His head lifts to the sky and he says, "I don't belong here."
An outcast, she remembers him telling her once. Her eyes fall. He's an alien, different in every possible way from her, from everyone, and yet he's the single most human person she's ever met. She slips the fork from her mouth and lets it drop to the ground. His face drops and finds hers immediately.
"Clark," she feels her weak smile trying to find her words, but she can't explain it to him with simple words. How does she tell him how great he is? What can she say that could possibly matter to him? In her failure she drops her gaze, unintentionally focusing on his fallen hand. Before her courage fails her, she lays a hand on top of his.
His flesh is warm and suddenly taut, a jerk of his muscles rippling even through her because she has passed the boundary, she has crossed the line he'd made. Her fingers slide through the spaces between his and she presses her palm gently on the back of his hand. When she became sure he was the one, she doesn't know, and even if he doesn't feel the same way about her, he must feel something. To keep coming back.
"Lois." It's the first time he's said her name and they both close their eyes when the word is uttered. "I'm not human."
"You may not be human," she hears herself saying, "but you belong here."

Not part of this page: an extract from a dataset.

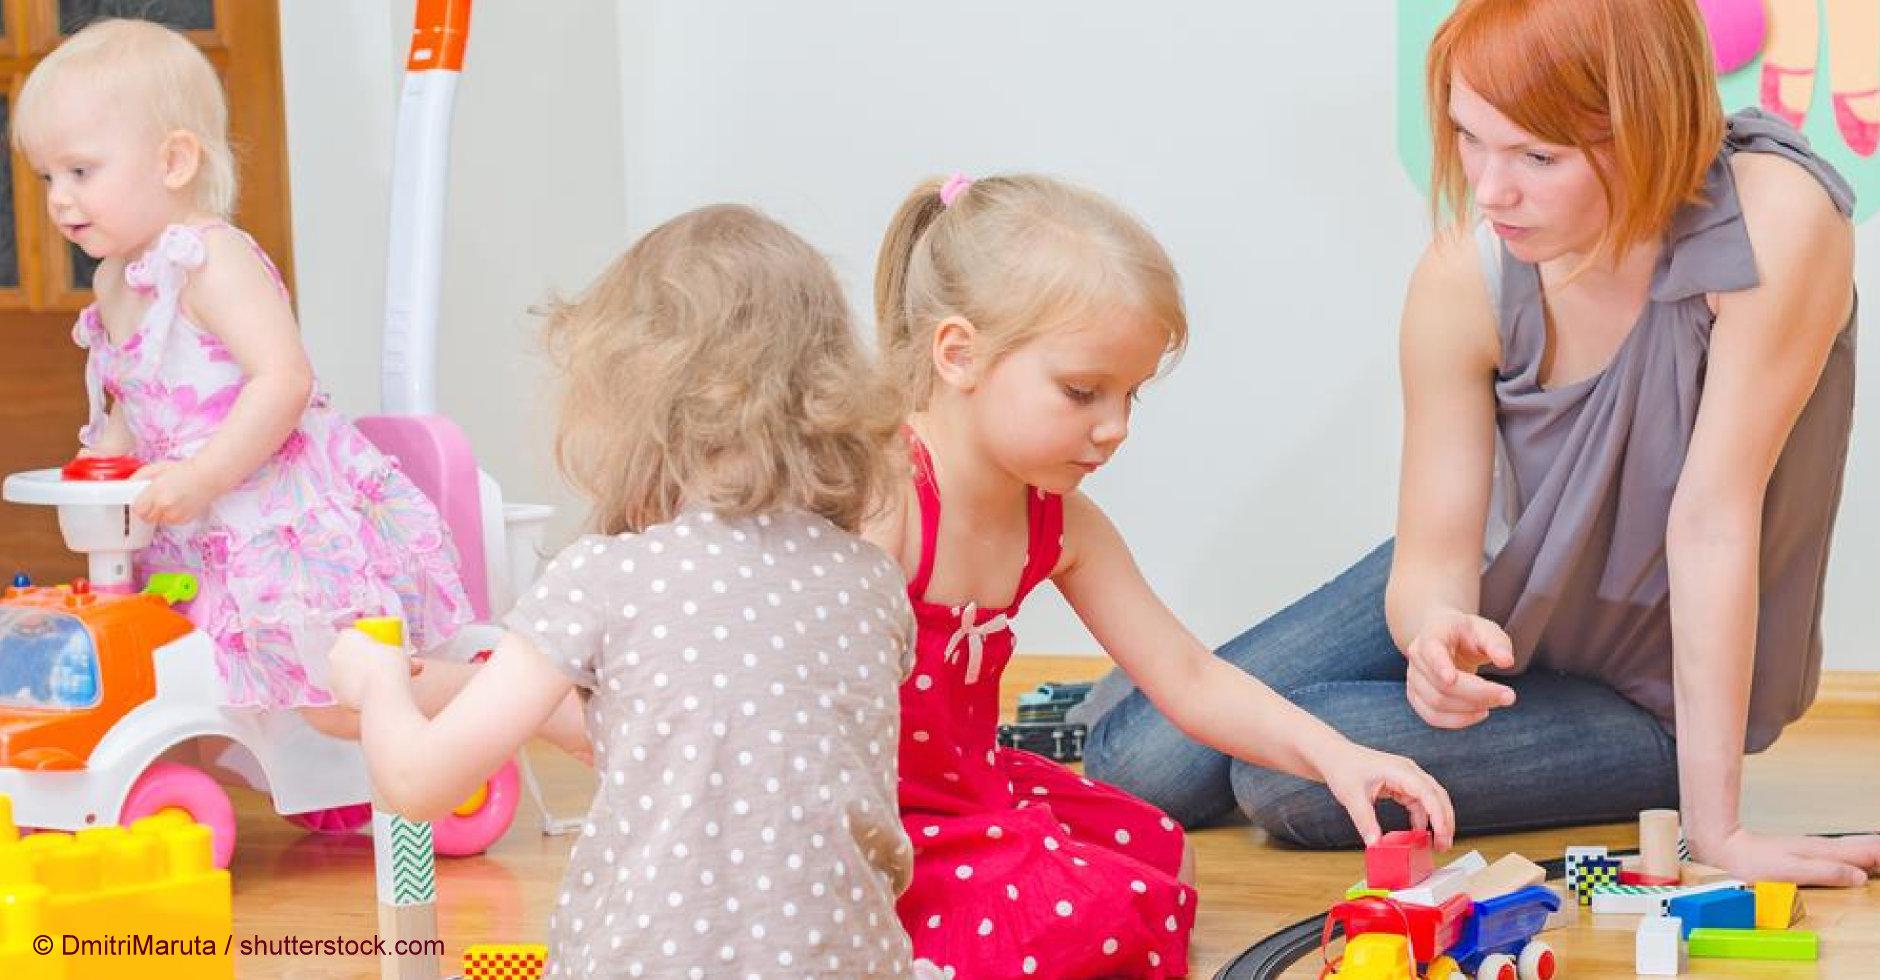 Erzieherinnen und Erzieher begegben sich tagsüber auf die Augenhöhe der Kinder.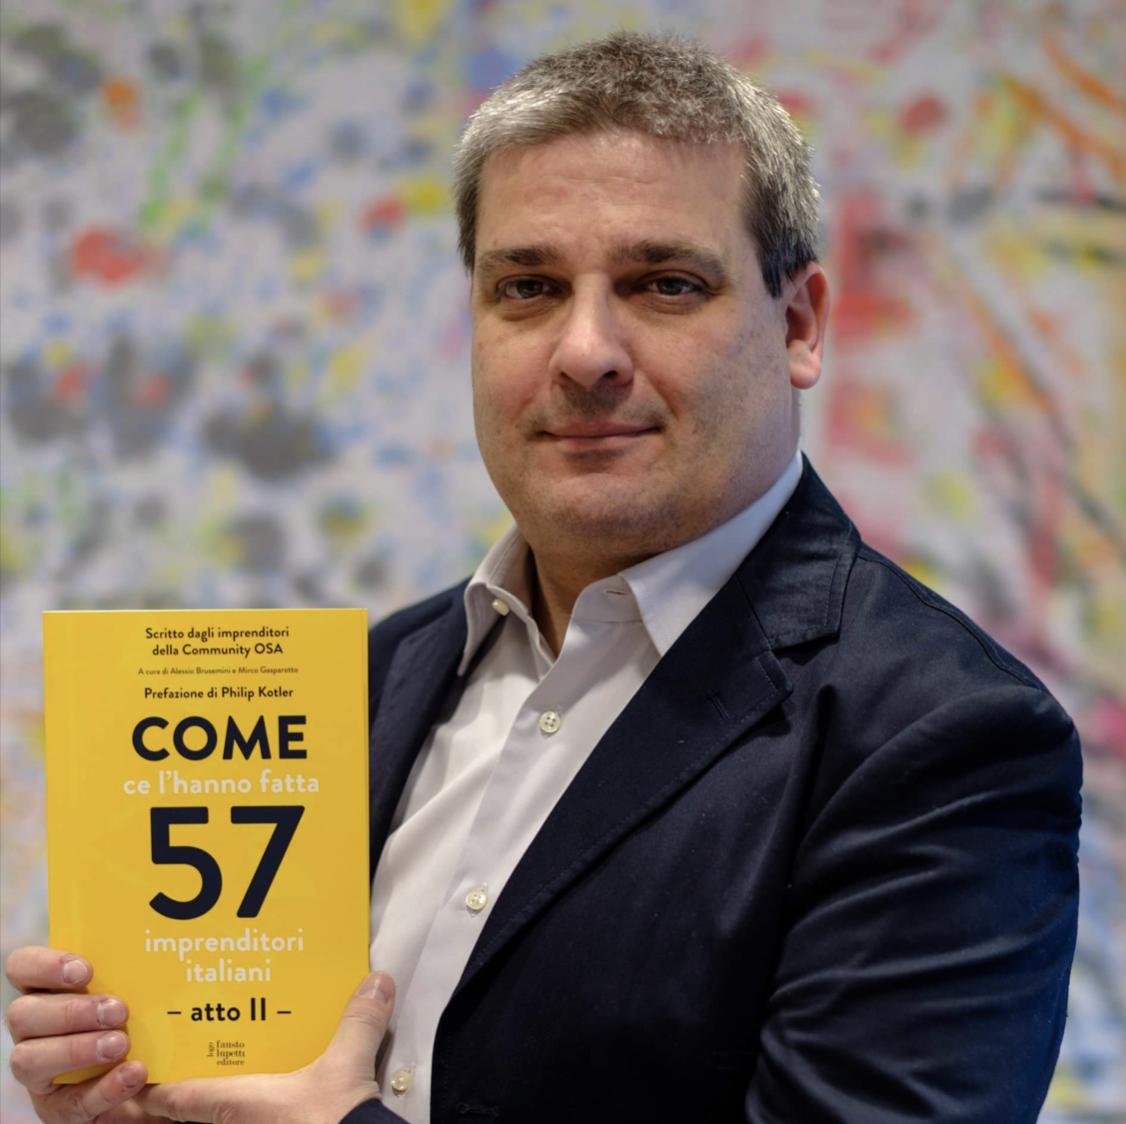 Come ce l'hanno fatta 57 imprenditori italiani

She watches his face, can sense his want to believe her and feel his resistance as strong as ever. The blue of his eyes travels along her face, finally lowering to their hands combed together, something like bewilderment showering across his features when he finds her gaze again.
"You belong here," she confirms.
Long scores pass before his body moves, his hand twitching under hers and turning over so his palm kisses hers. Their fingers link loosely, and for the rest of the night, neither let go.